It really does fit into the life I've been trying to live that focus's on being of service to others. I was hesitant to write much about being a Christian here on the blog because I didn't want to chase the few readers I had away. Ultimately not mentioning it here, well that was living a lie, I couldn't hide what I really believed so you will see posts like this. I'm not trying to tell anyone what they should do, heck i never listened to what others believed myself.

But I will share here what I have found works for me in my life. Since the basic Premise of Shell Shock serenade is to follow my life as a person in recovery, well helping others is a big part of that. And believing that is what makes a difference in this life. It is ultimately loving and reaching out to others that opens people up to change. Those were obvious things for me to accept and get my arms around in day to day life.
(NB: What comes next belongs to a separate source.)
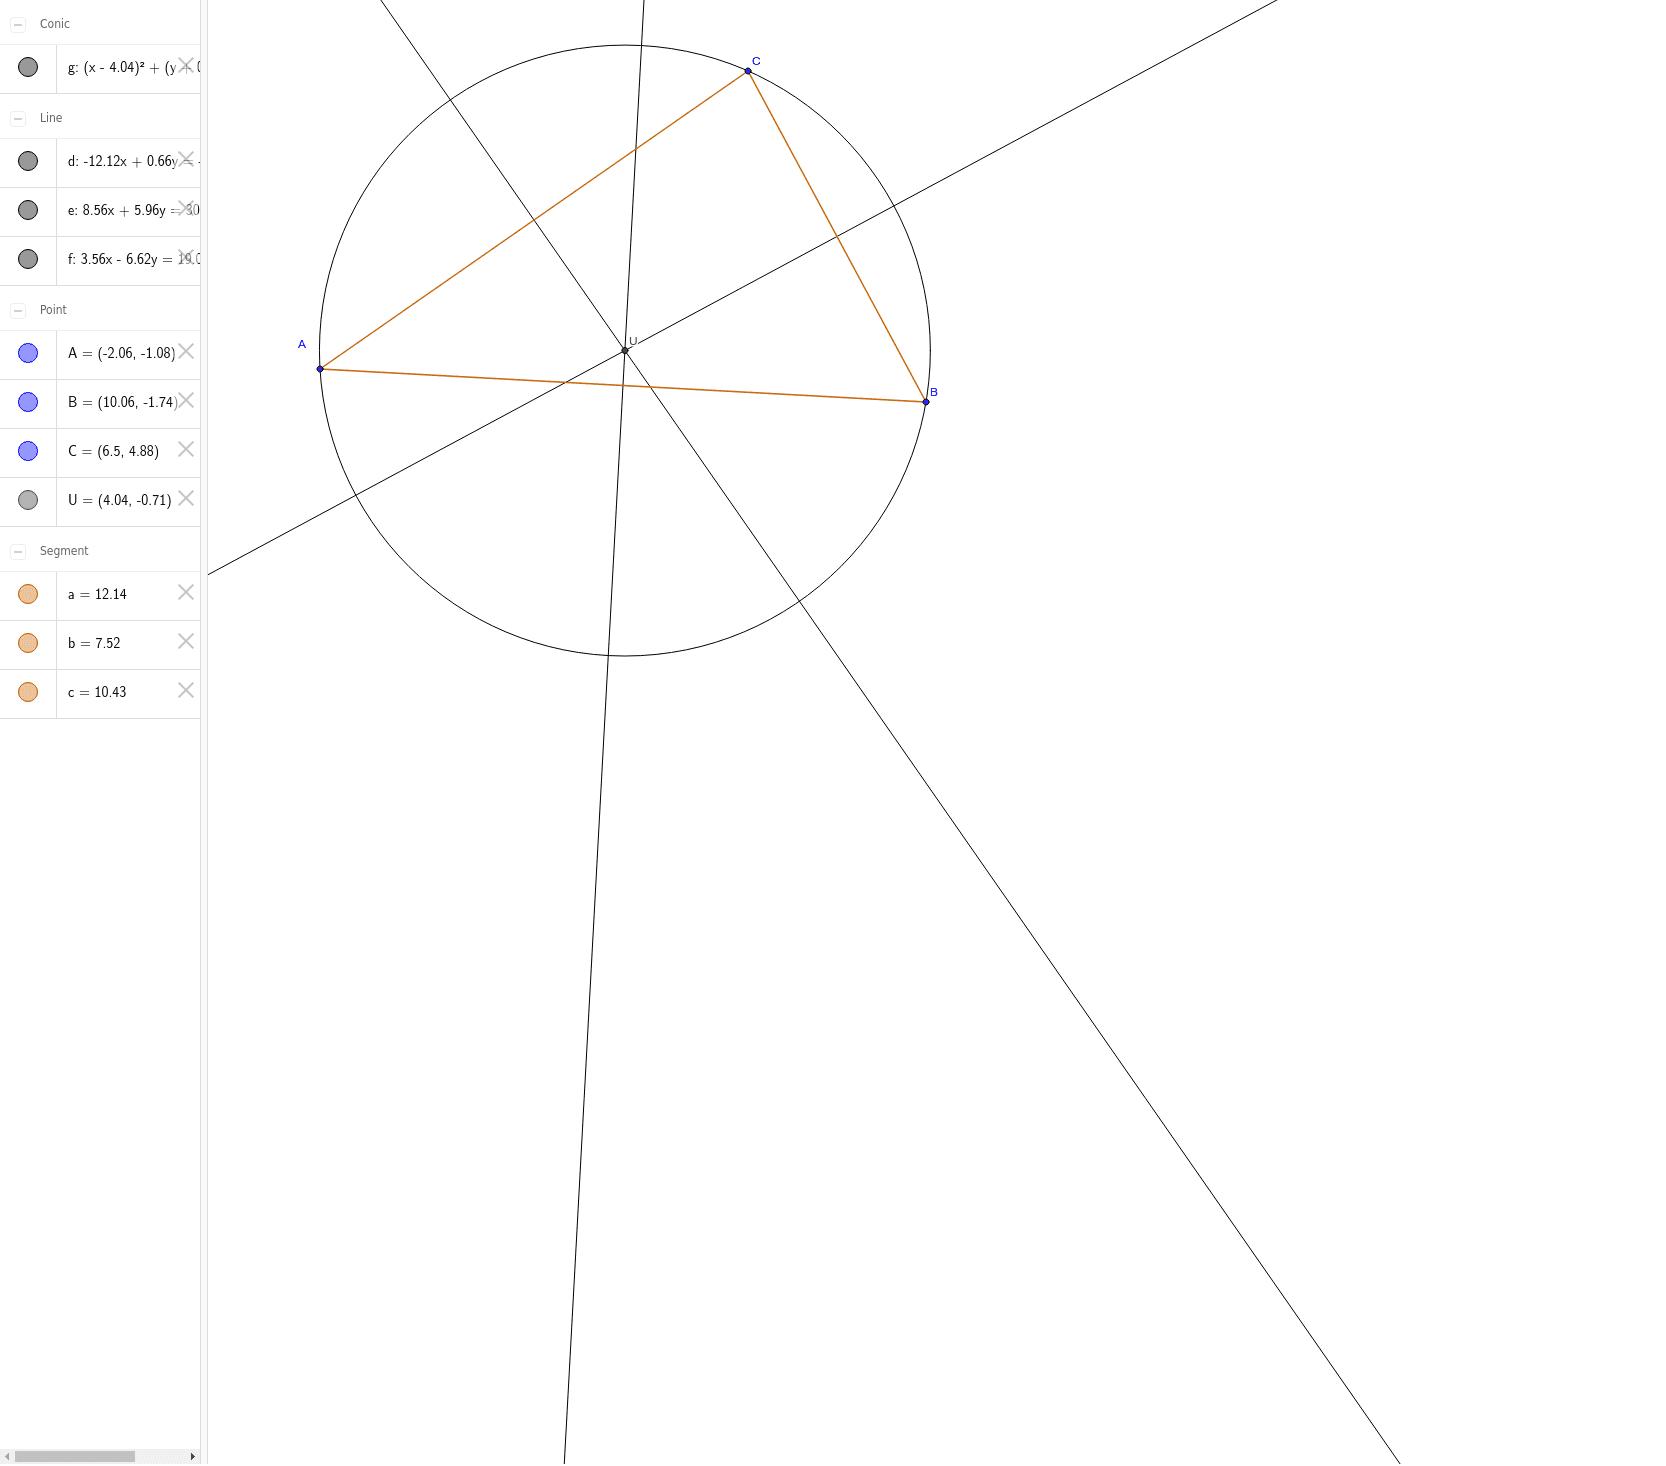 Umkreismittelpunkt Drücke die Eingabetaste um die Aktivität zu starten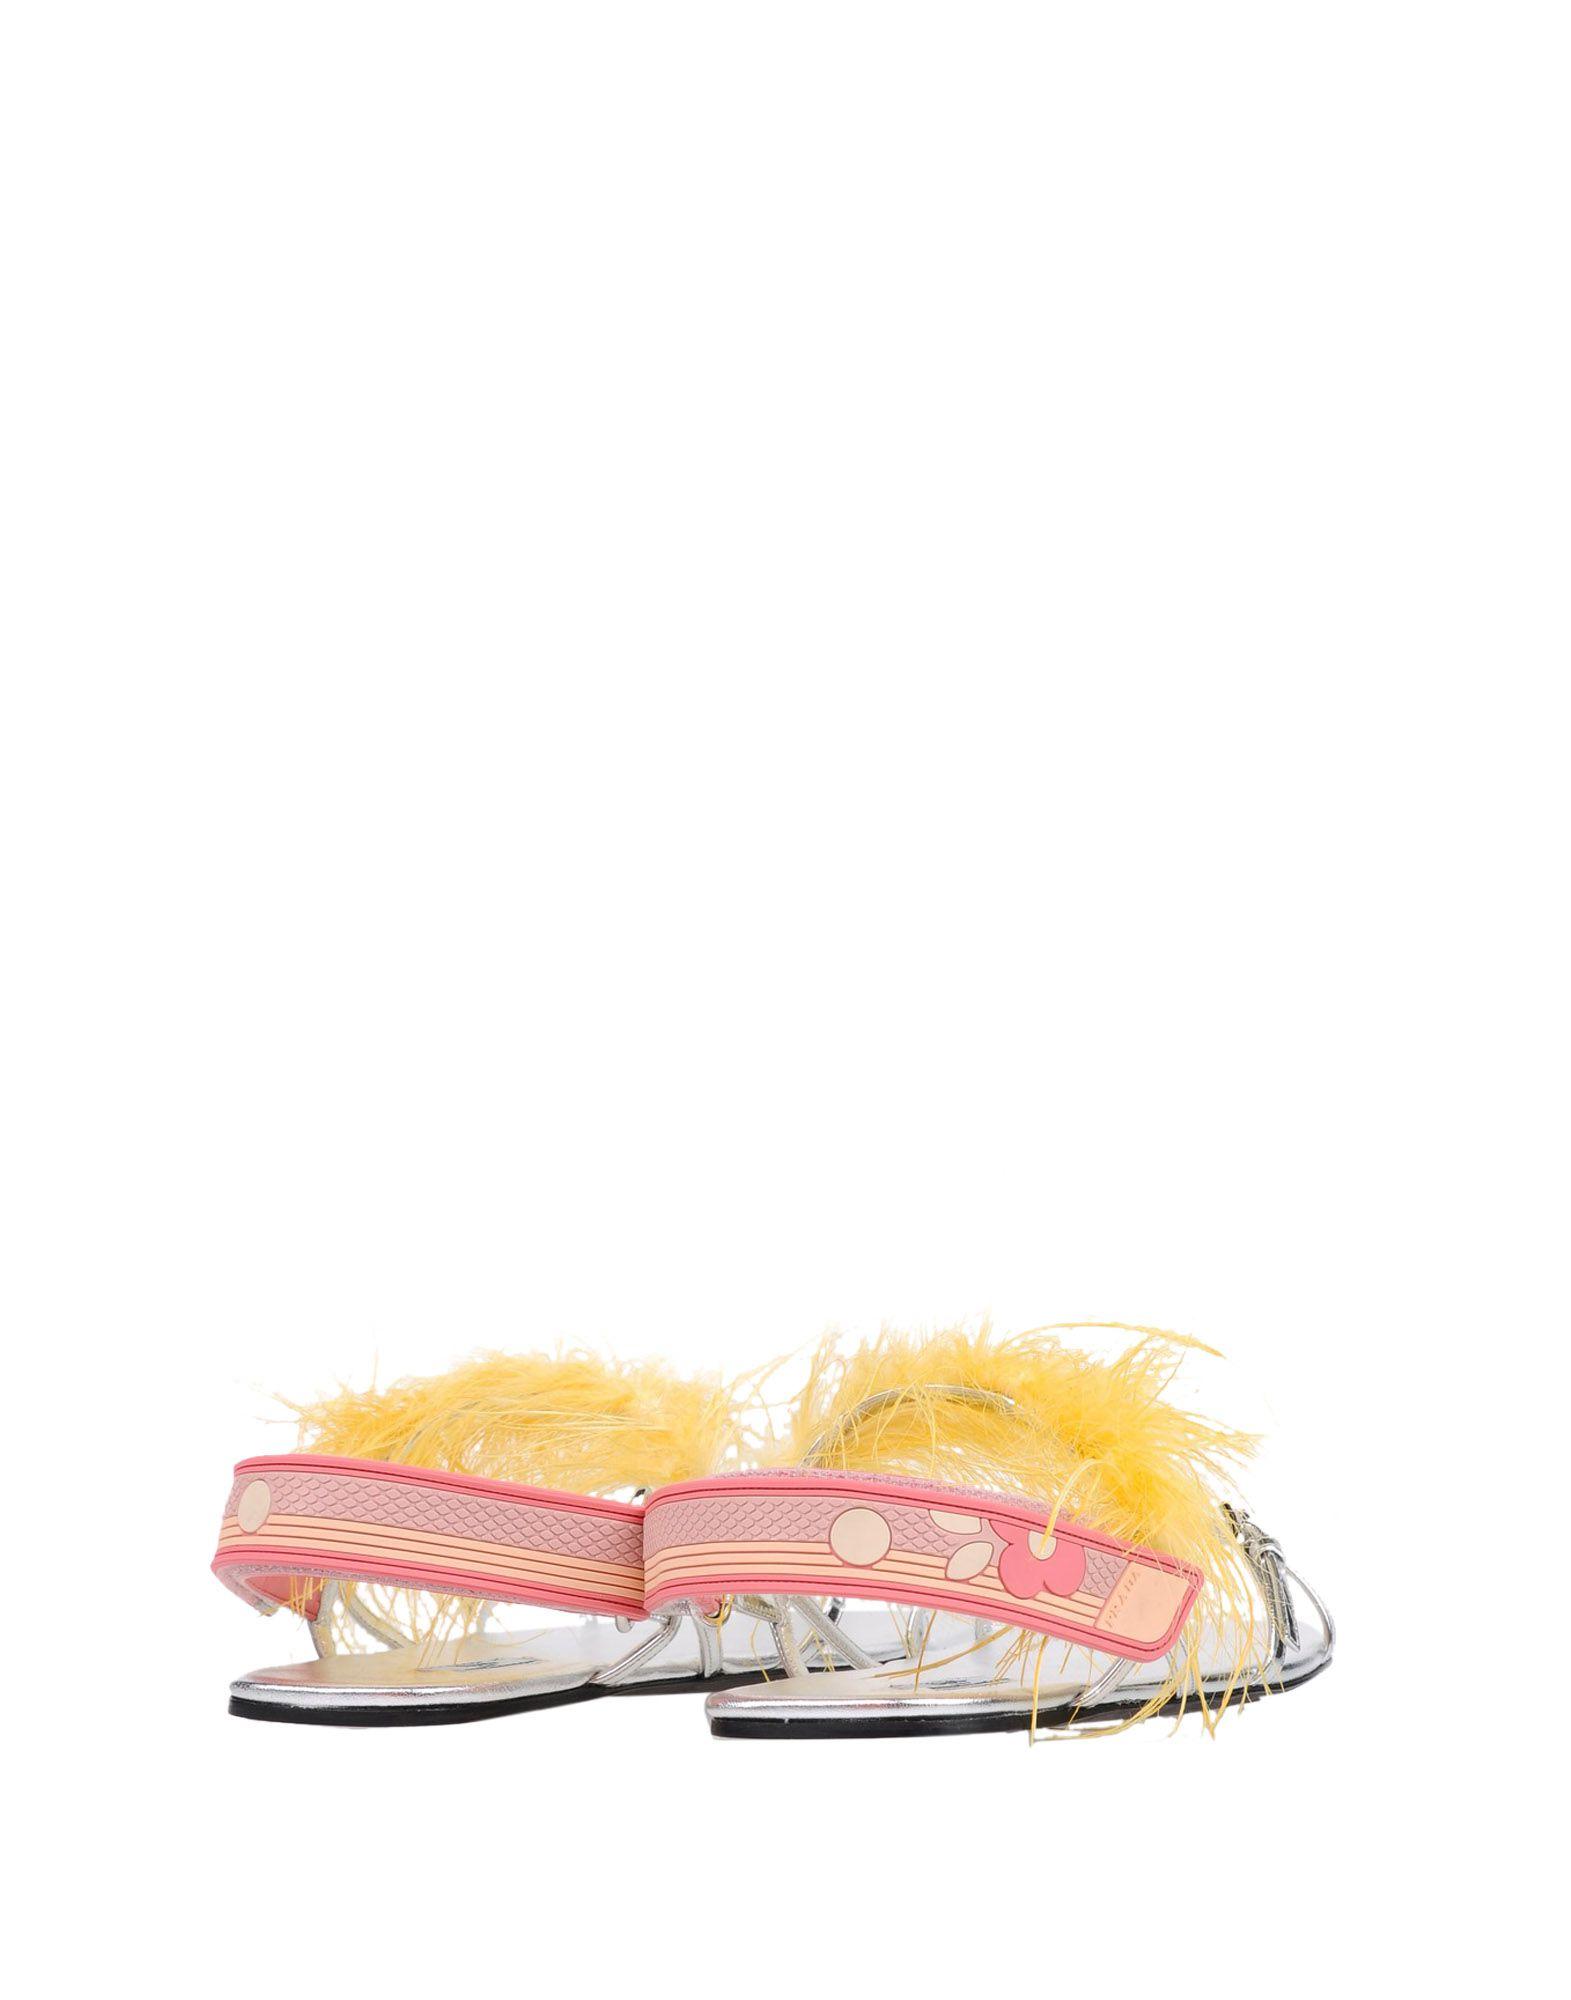 Rabatt Schuhe Prada Damen Sandalen Damen Prada  11360920IF 1e1dfe

And it's worked for me so far...

So I'm not entirely sure what I am trying to achieve with this post other then to "come out" I guess and say what I think and feel, whether it's about spiritual matters or not....I don't know if this will become a "Christian" blog...I suspect that it will be what it always has been: a blog about the life of a human being trying to live his life from day to day, including all the ups and downs that go along with it...I hope it continues to be open and honest, to teach and entertain...maybe even enlighten folks perhaps on what it is really like to suffer and feel so isolated and lonely in this big ole mean world and how to over come those very feelings.